* Work instruction *
Leave out the pictures and output the data verbatim.

================

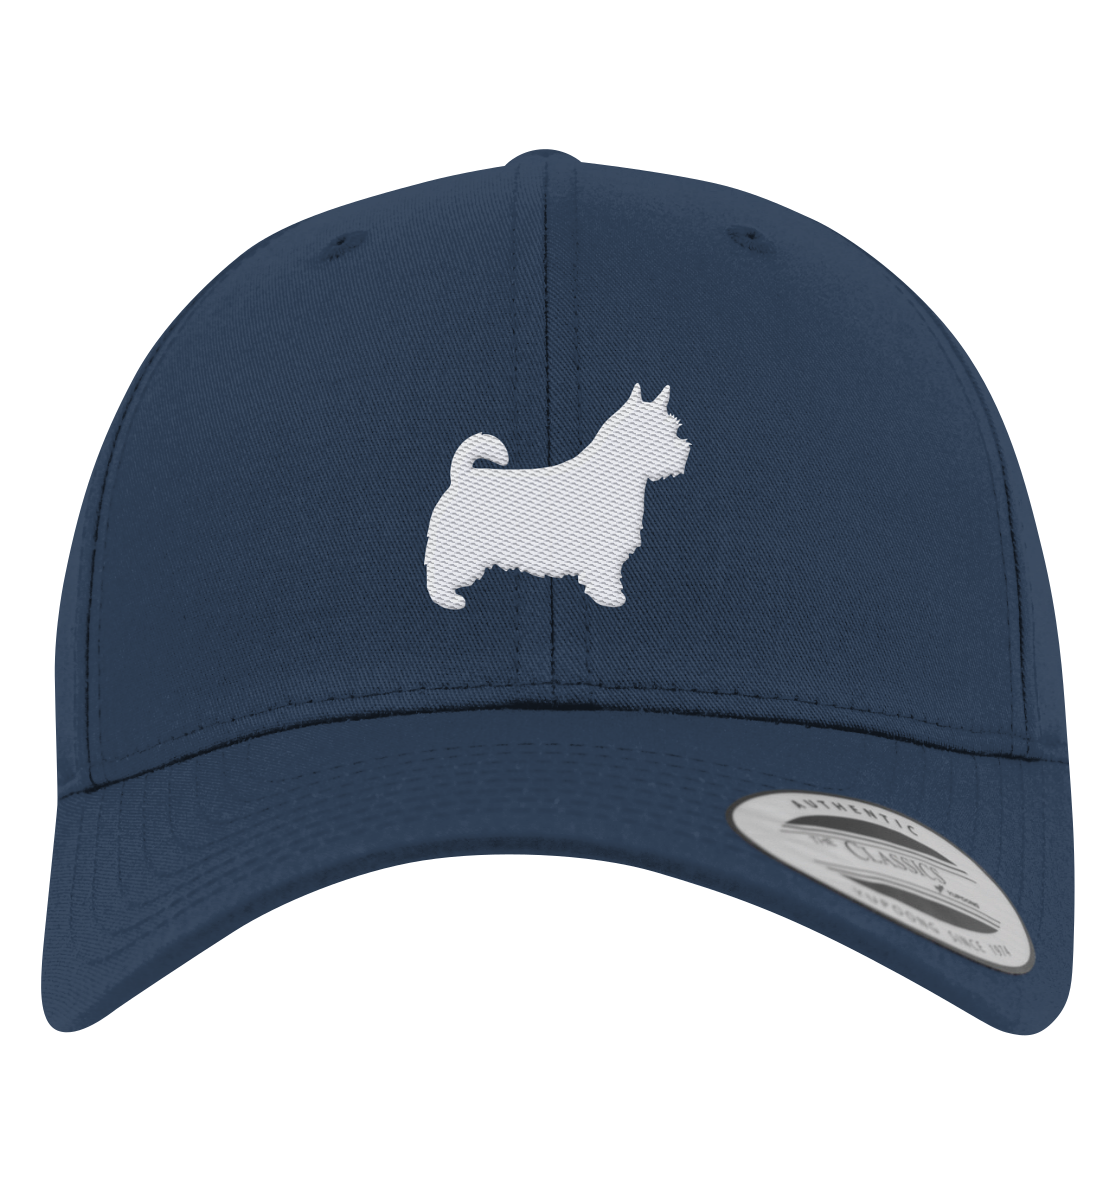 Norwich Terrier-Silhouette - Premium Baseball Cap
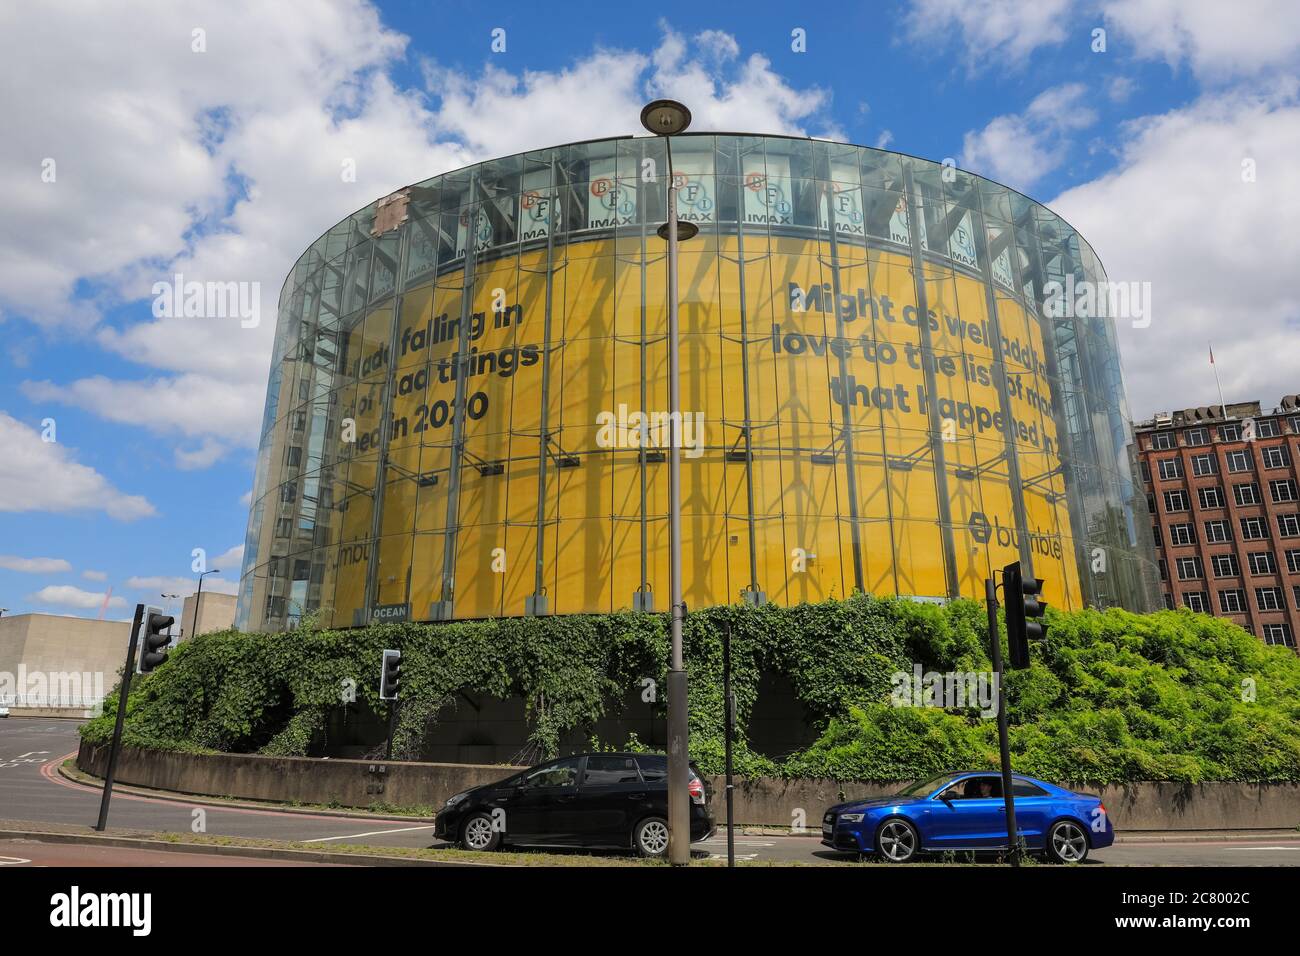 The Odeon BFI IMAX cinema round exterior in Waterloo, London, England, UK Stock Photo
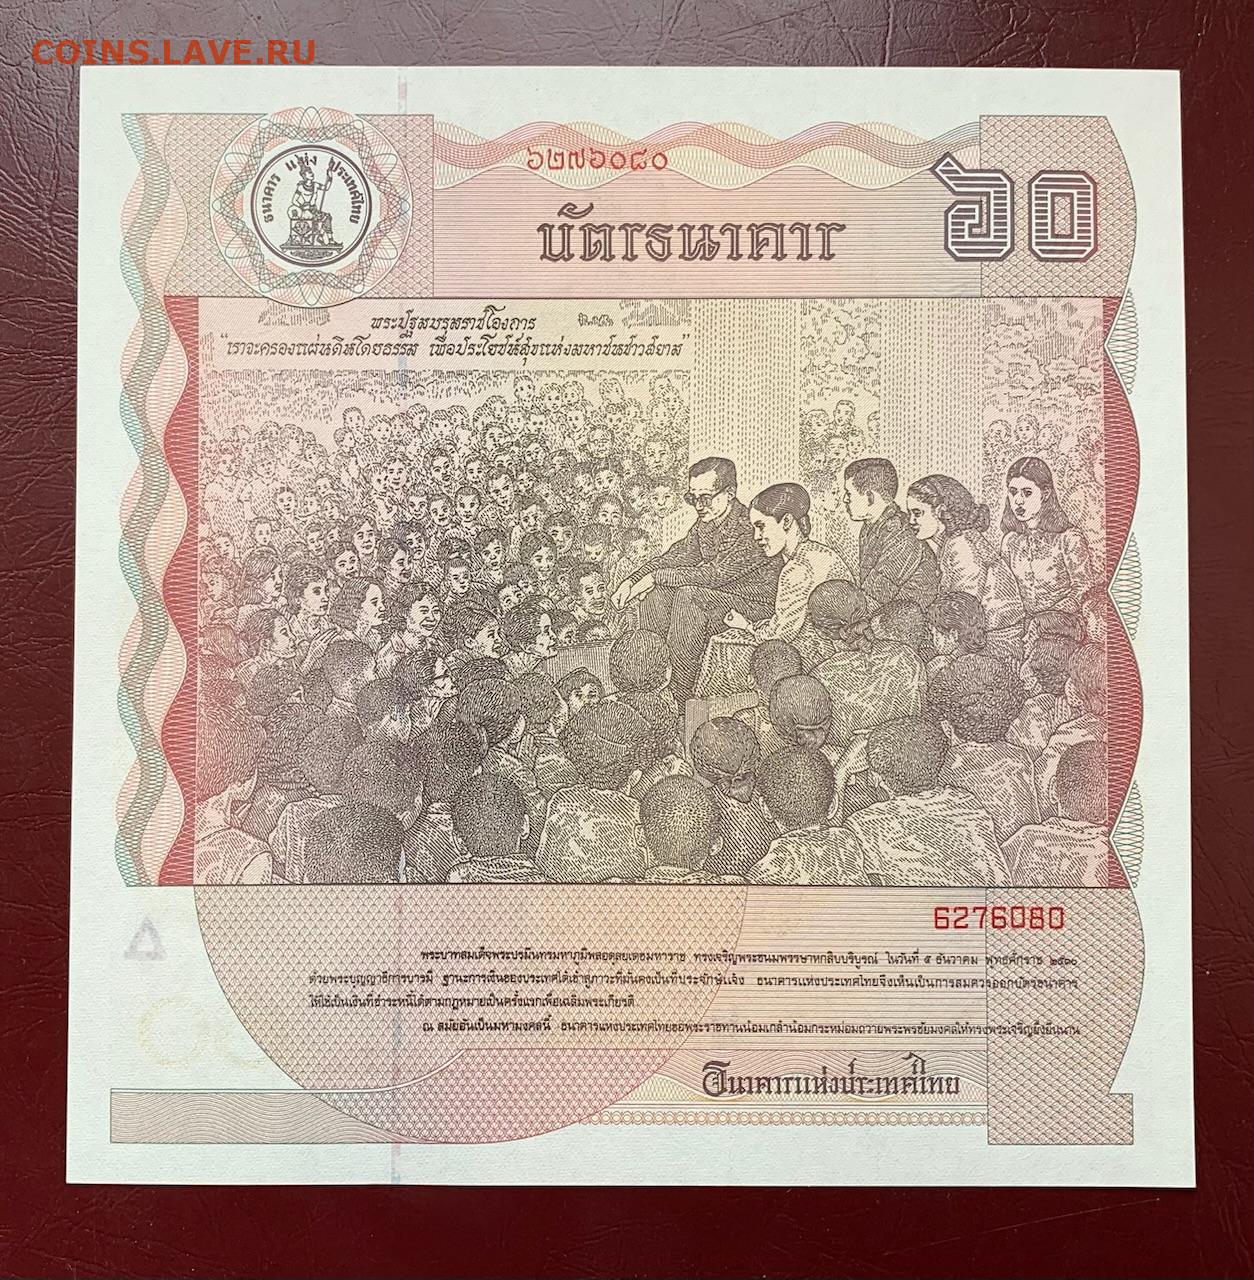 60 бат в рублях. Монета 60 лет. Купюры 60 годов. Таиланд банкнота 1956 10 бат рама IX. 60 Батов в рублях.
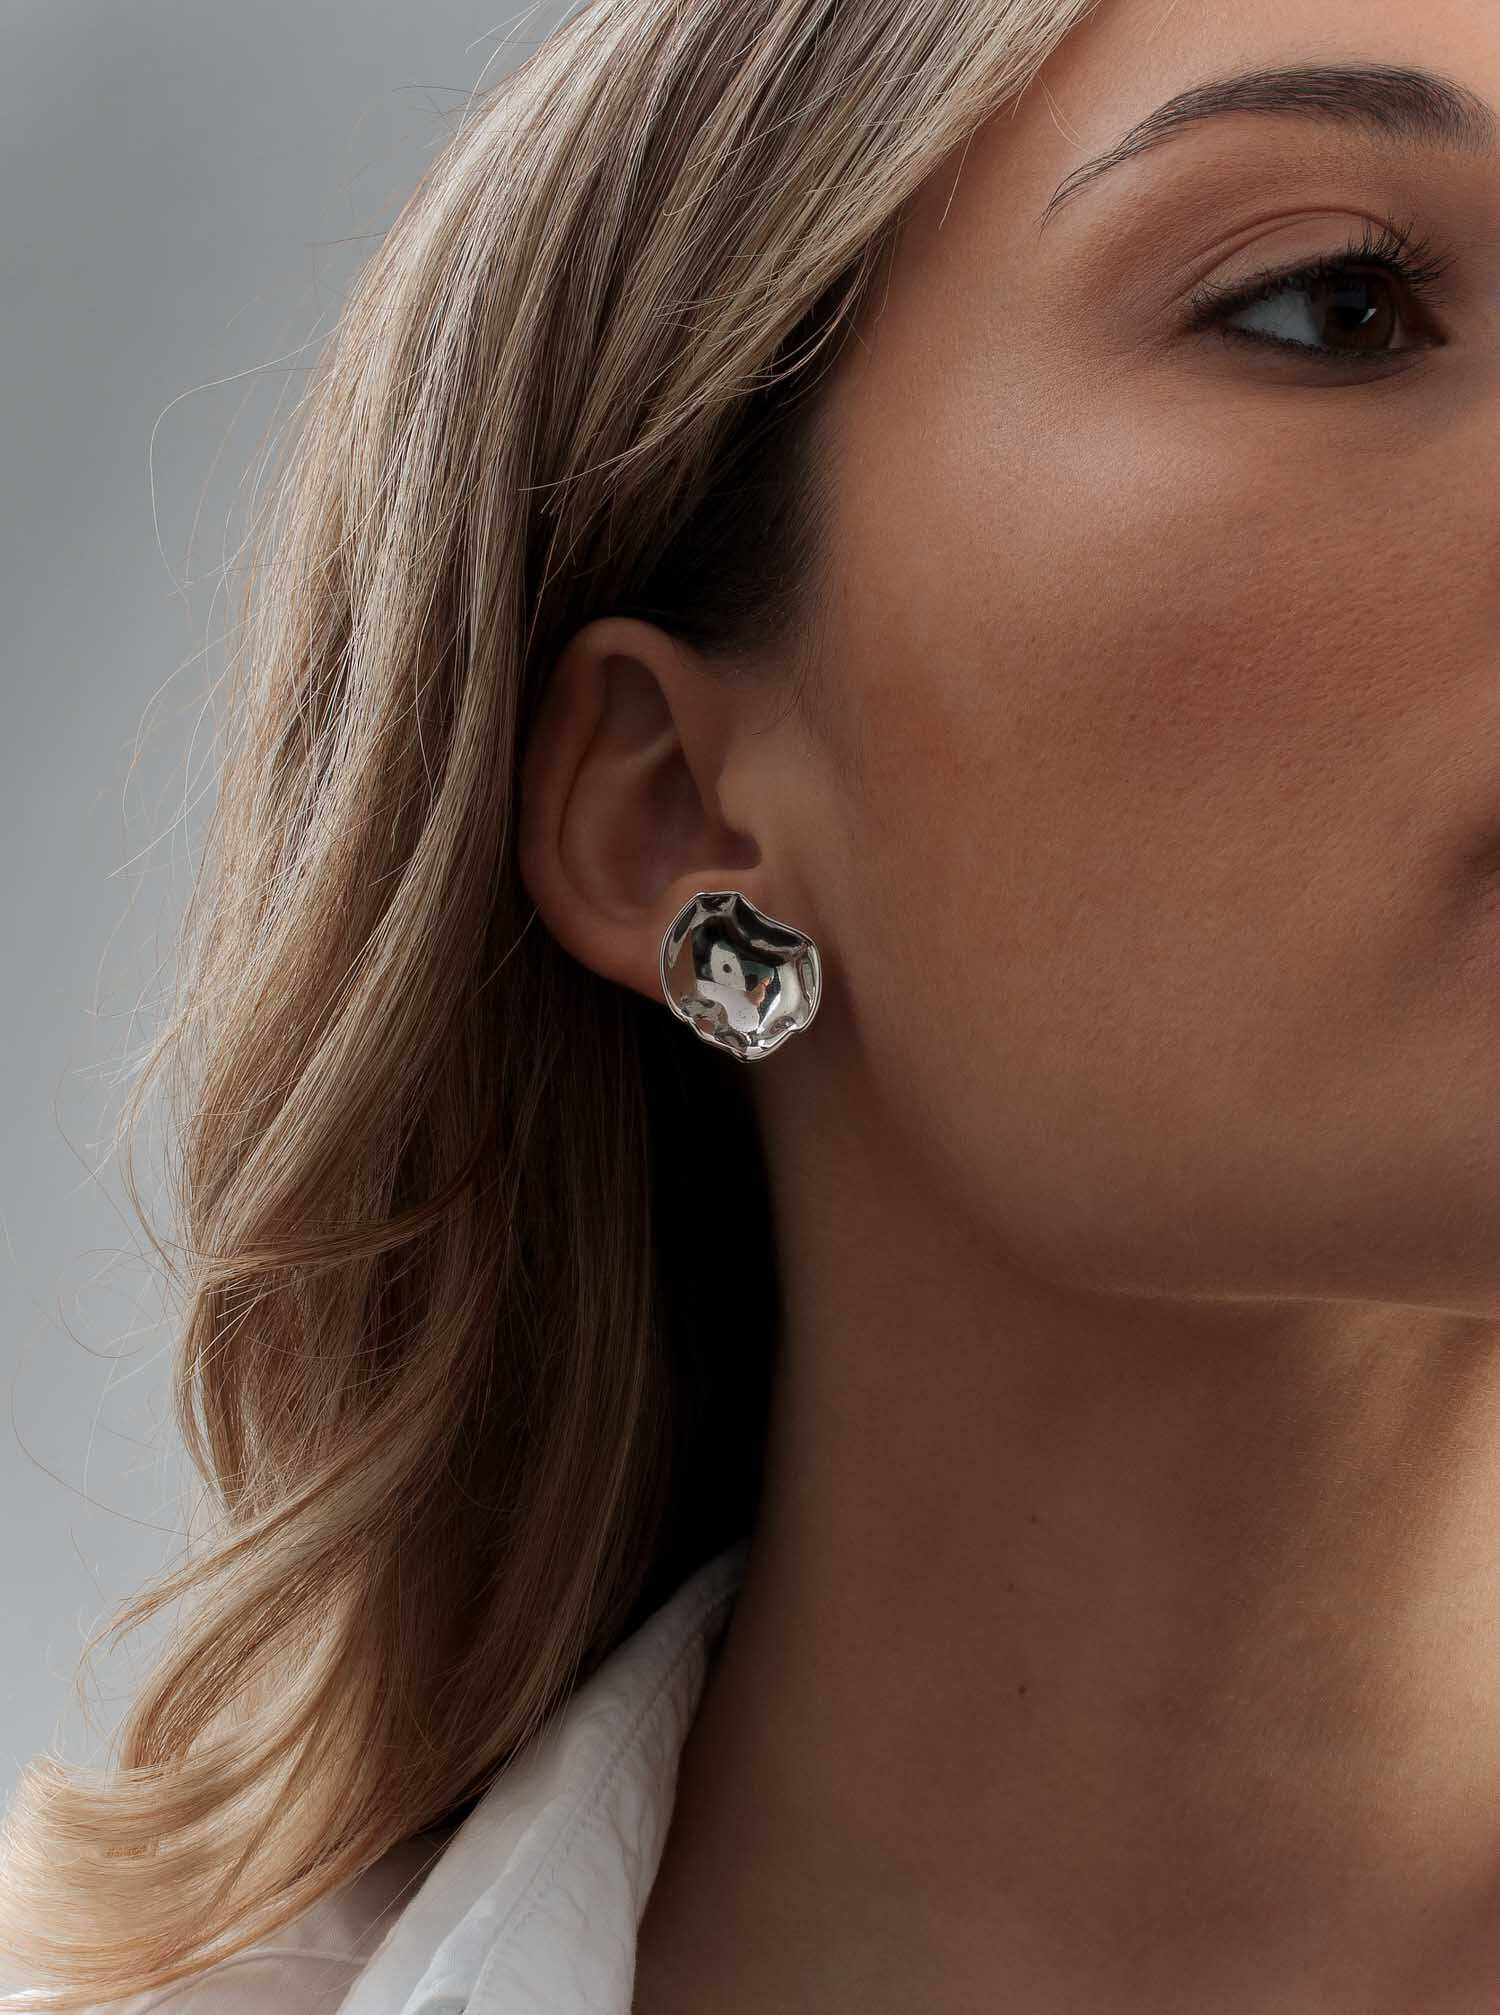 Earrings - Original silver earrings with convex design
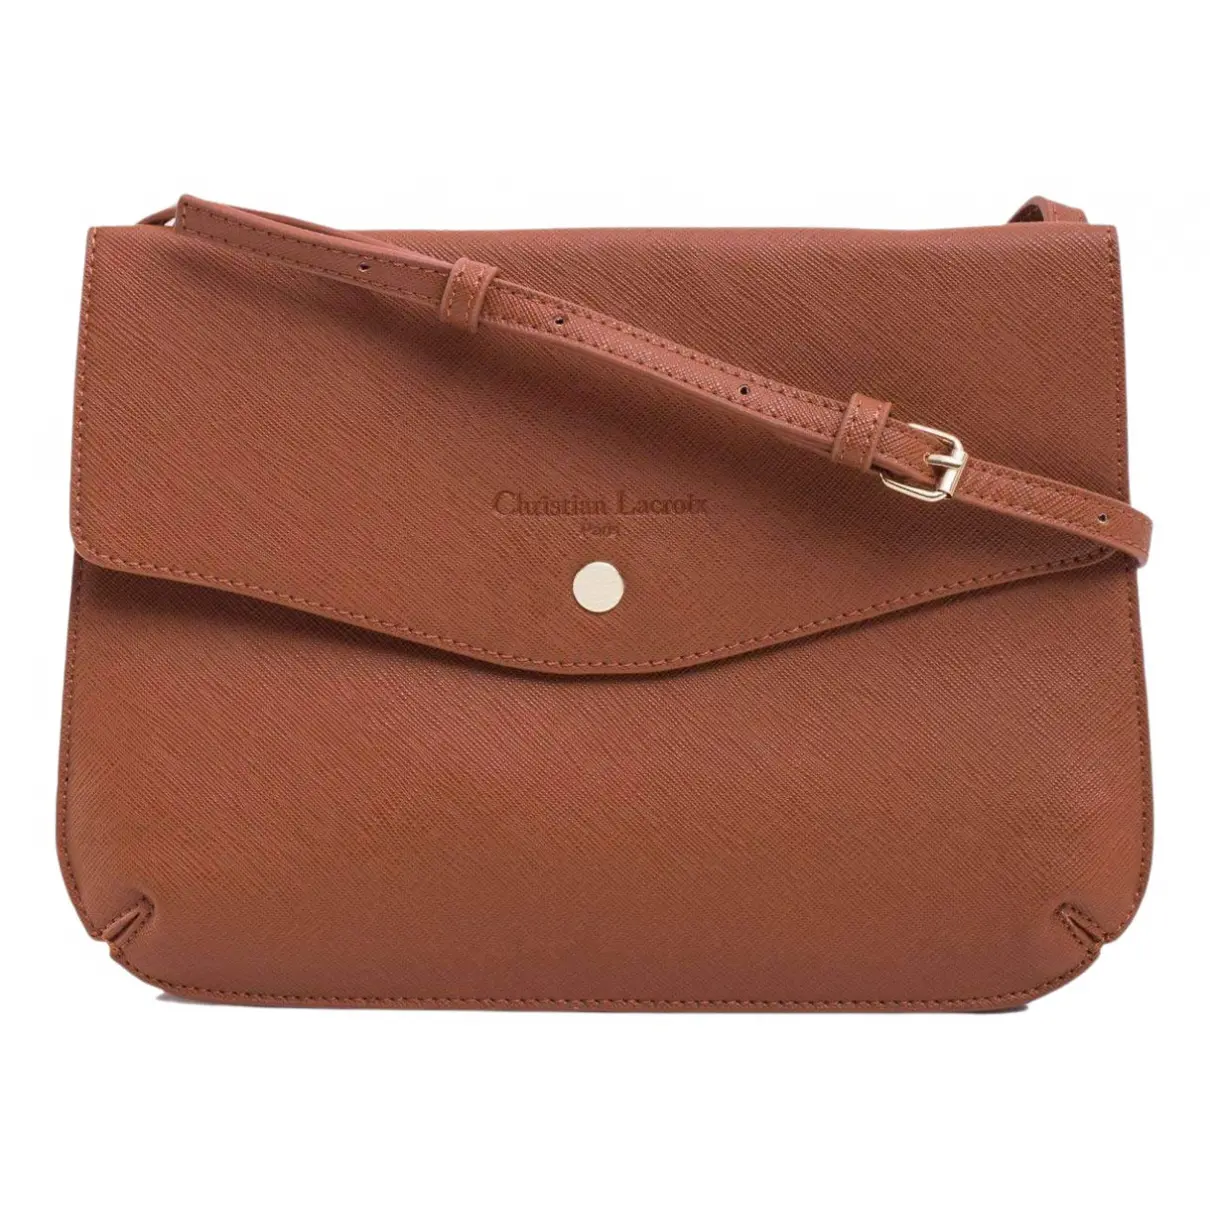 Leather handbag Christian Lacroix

================

* Answer for the task *
 Norwich Terrier-Silhouette - Premium Baseball Cap
 The Odeon BFI IMAX cinema round exterior in Waterloo, London, England, UK Stock Photo
 60 бат в рублях. Монета 60 лет. Купюры 60 годов. Таиланд банкнота 1956 10 бат рама IX. 60 Батов в рублях.
 Earrings - Original silver earrings with convex design
 Leather handbag Christian Lacroix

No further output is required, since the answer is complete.